[THE DATA]
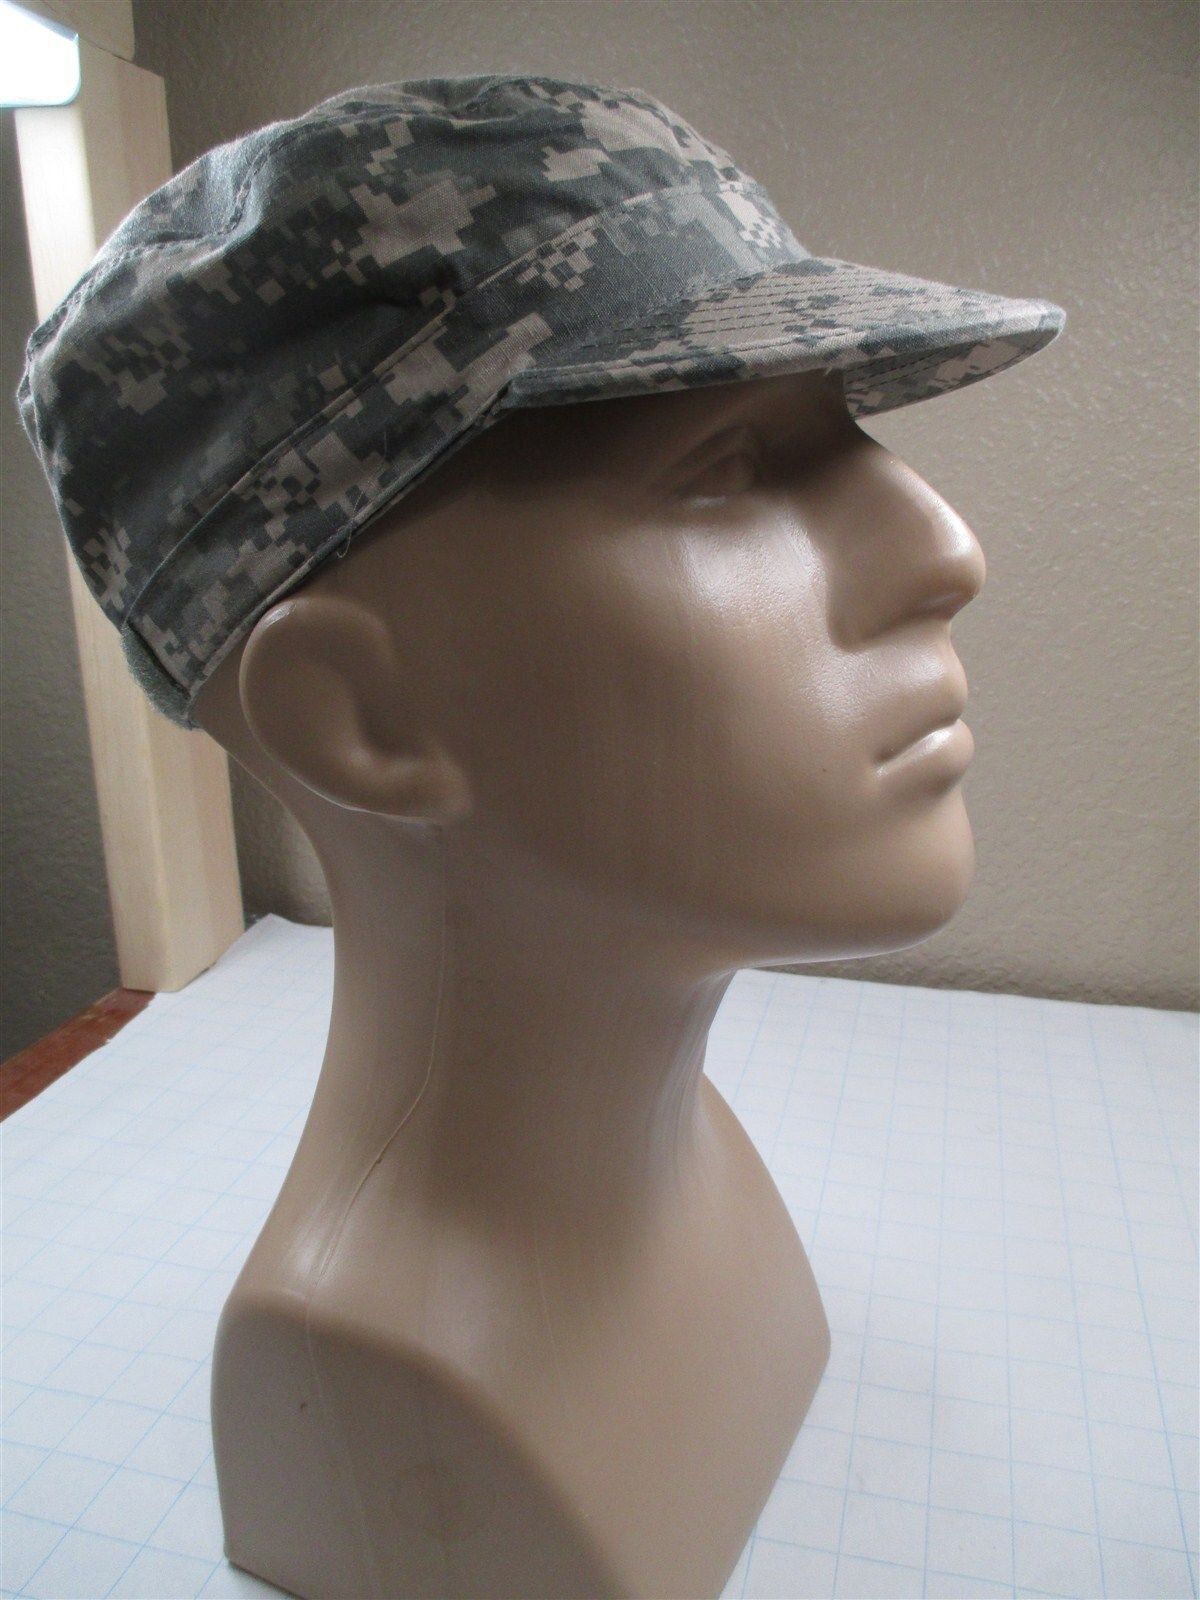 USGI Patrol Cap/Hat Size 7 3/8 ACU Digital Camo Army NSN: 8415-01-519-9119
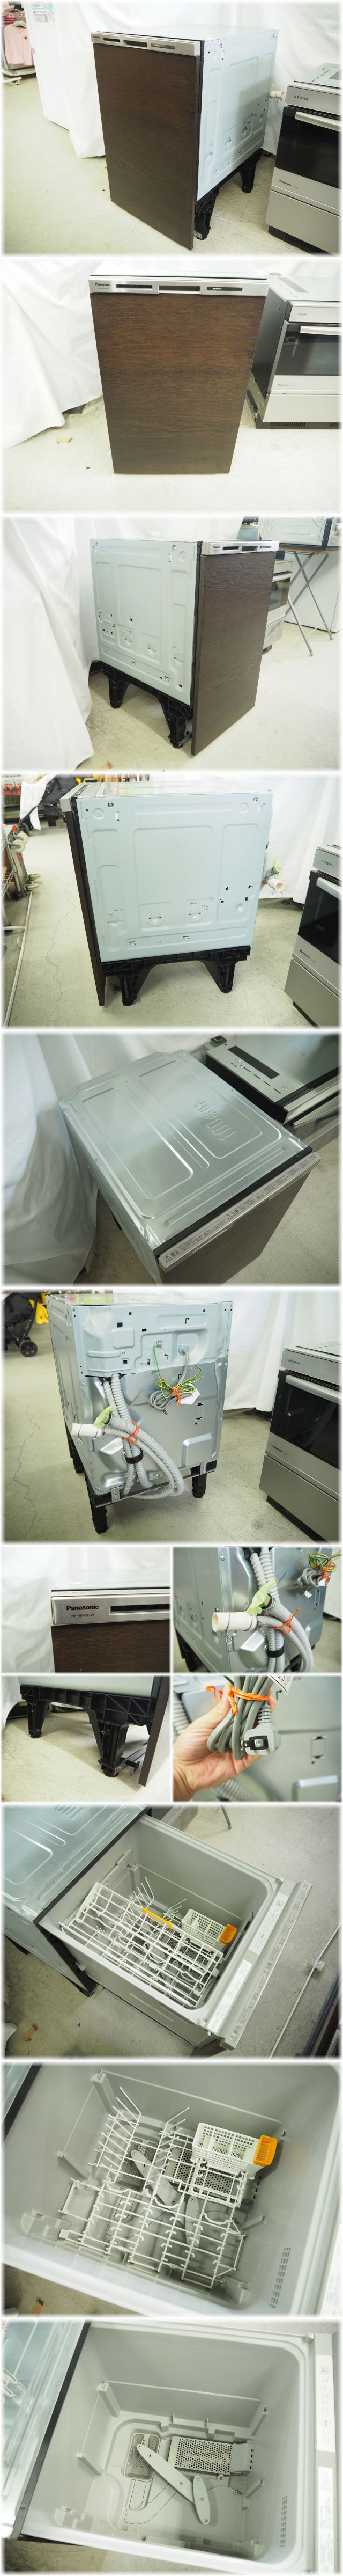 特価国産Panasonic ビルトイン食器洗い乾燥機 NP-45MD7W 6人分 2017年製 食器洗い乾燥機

...

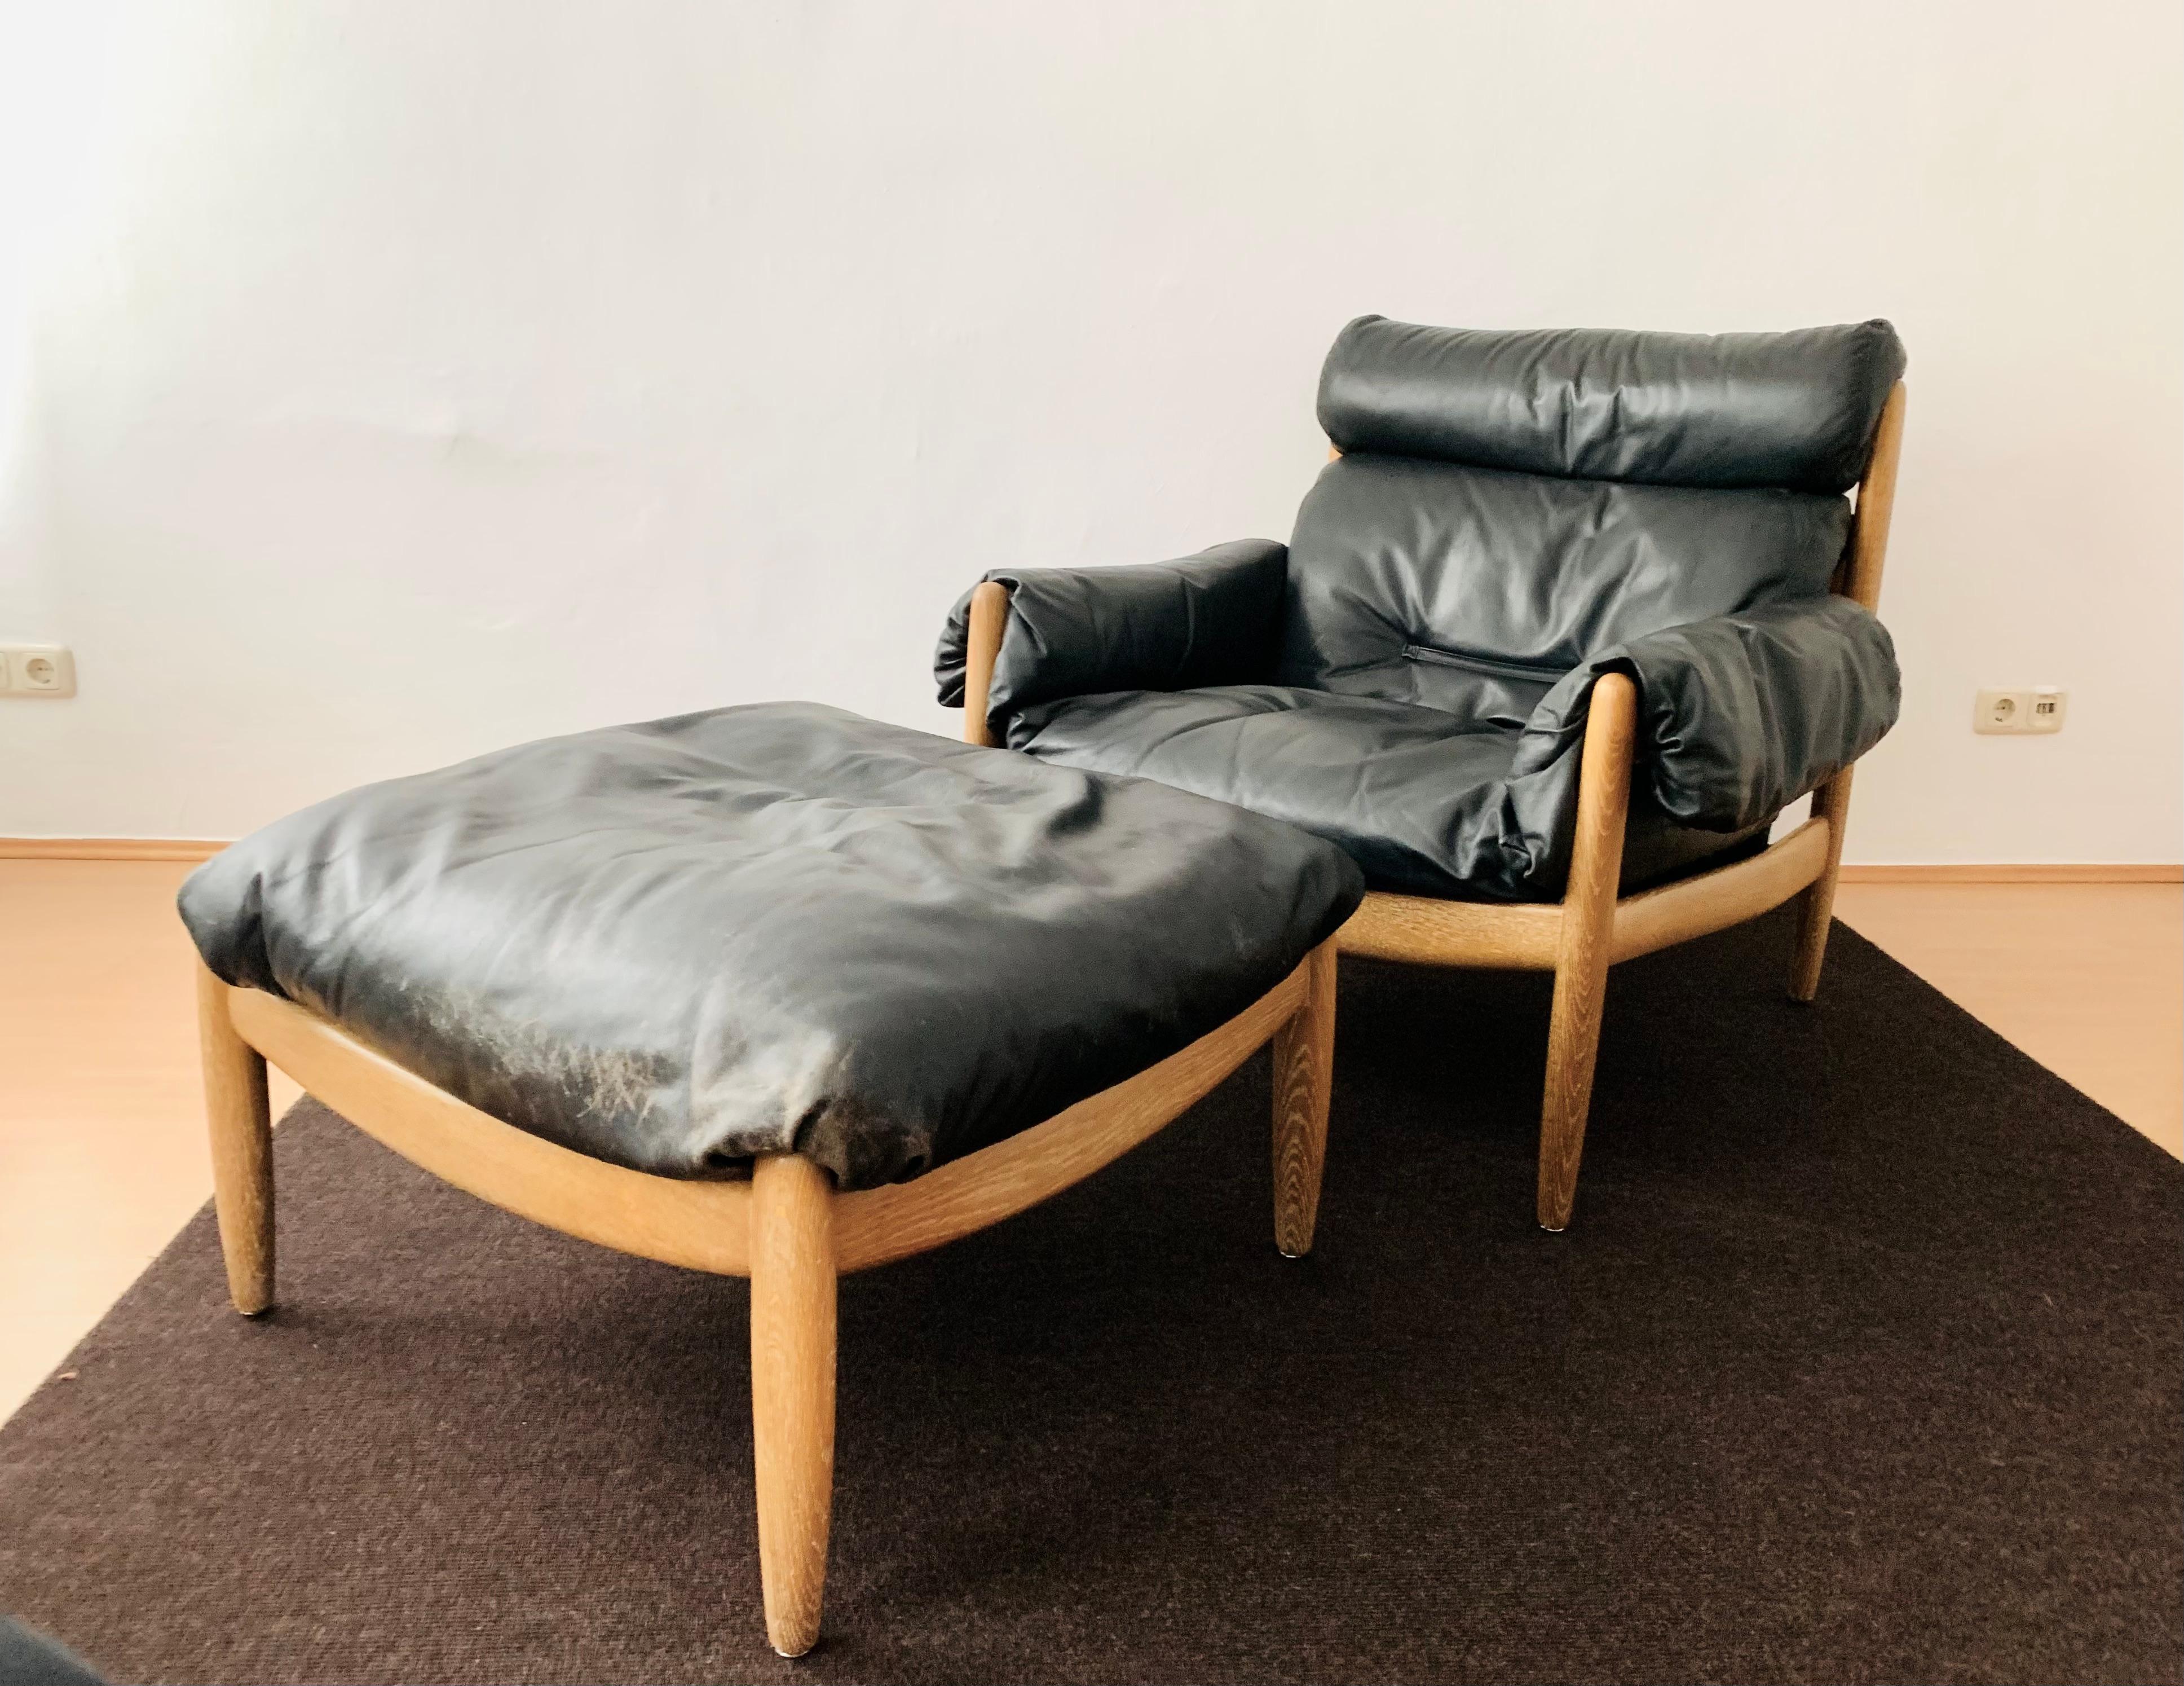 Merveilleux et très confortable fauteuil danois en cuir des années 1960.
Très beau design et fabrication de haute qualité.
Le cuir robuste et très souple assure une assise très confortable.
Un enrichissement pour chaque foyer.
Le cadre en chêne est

==

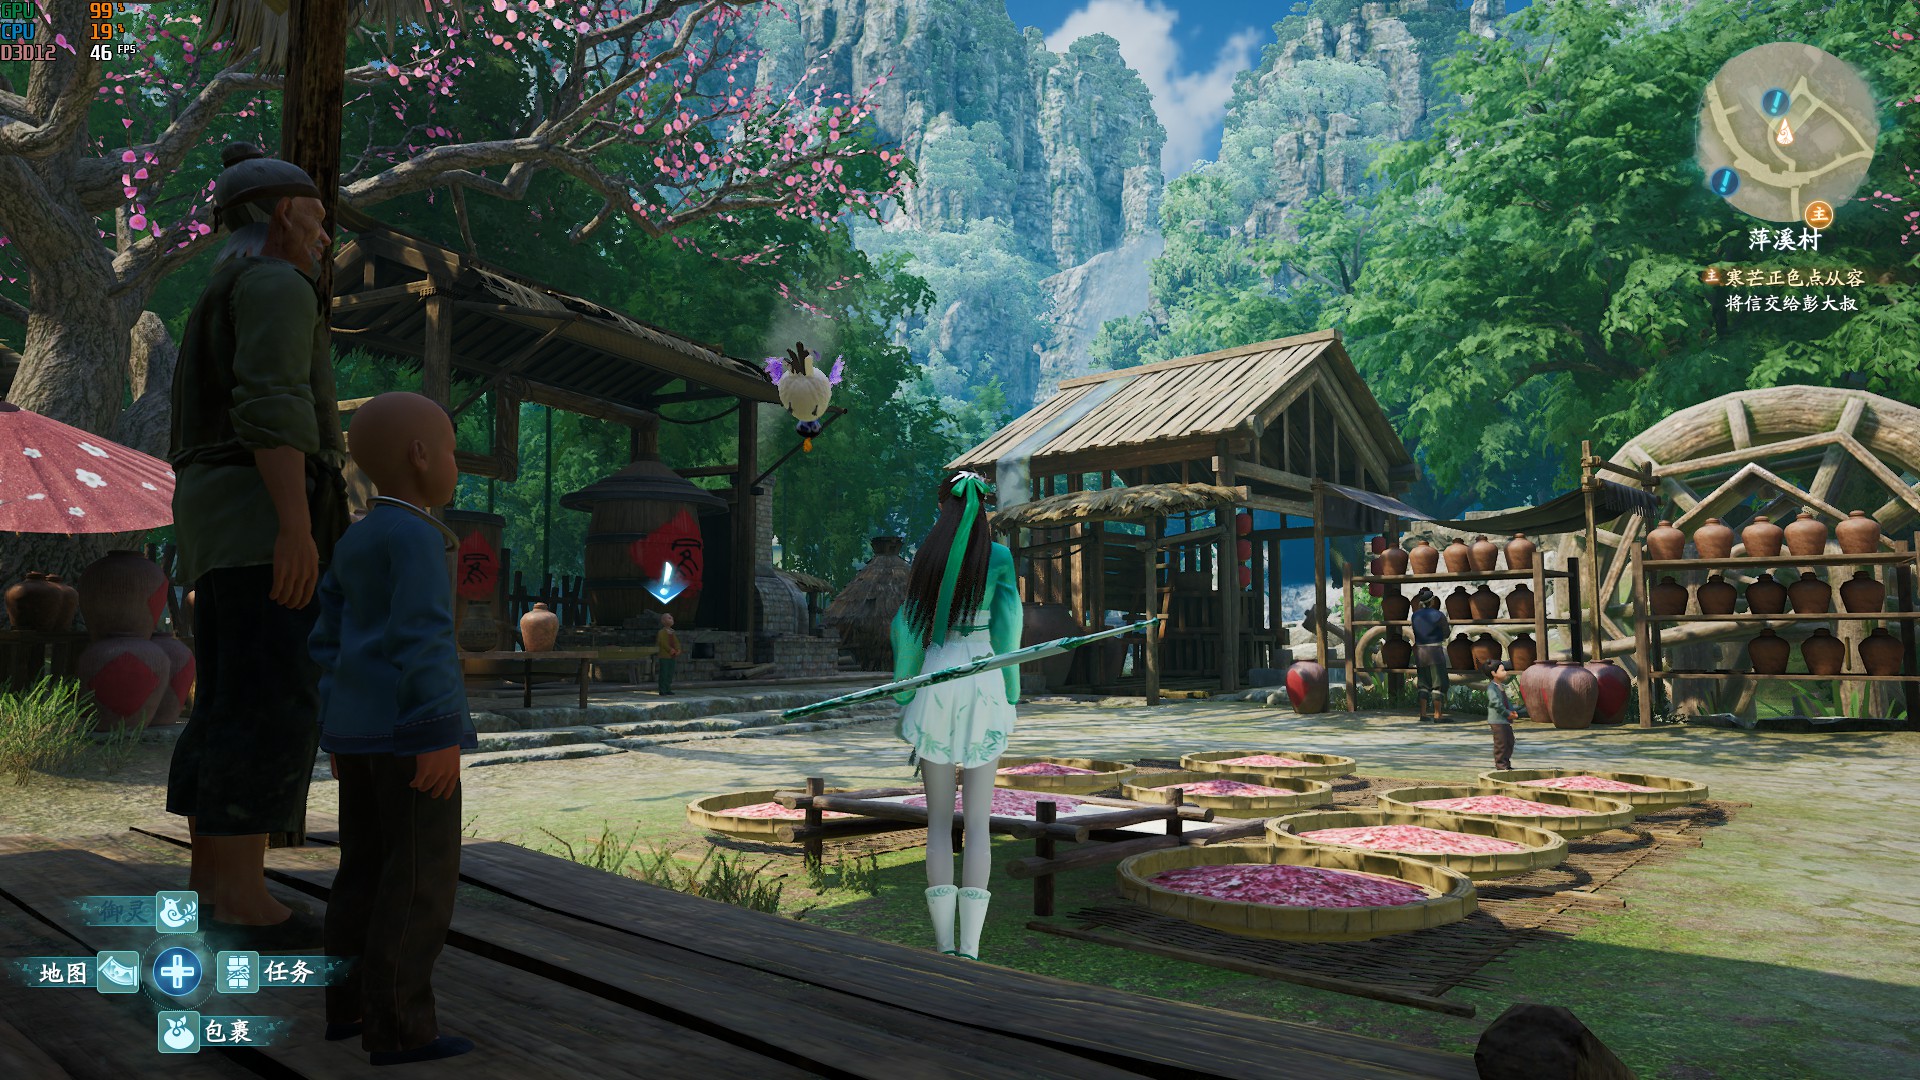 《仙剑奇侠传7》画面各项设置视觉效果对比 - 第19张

[WHAT THE TASK ASKS]
Using the material above, transcribe exactly the lines from the one holding "USGI Patrol Cap/Hat" to the one holding "特価国産Panasonic ビルトイン食器洗い乾燥機 NP-45MD7W", both ends kept. Do not carry over any pictures.

[RESULT OF THIS EXERCISE]
 USGI Patrol Cap/Hat Size 7 3/8 ACU Digital Camo Army NSN: 8415-01-519-9119
 特価国産Panasonic ビルトイン食器洗い乾燥機 NP-45MD7W 6人分 2017年製 食器洗い乾燥機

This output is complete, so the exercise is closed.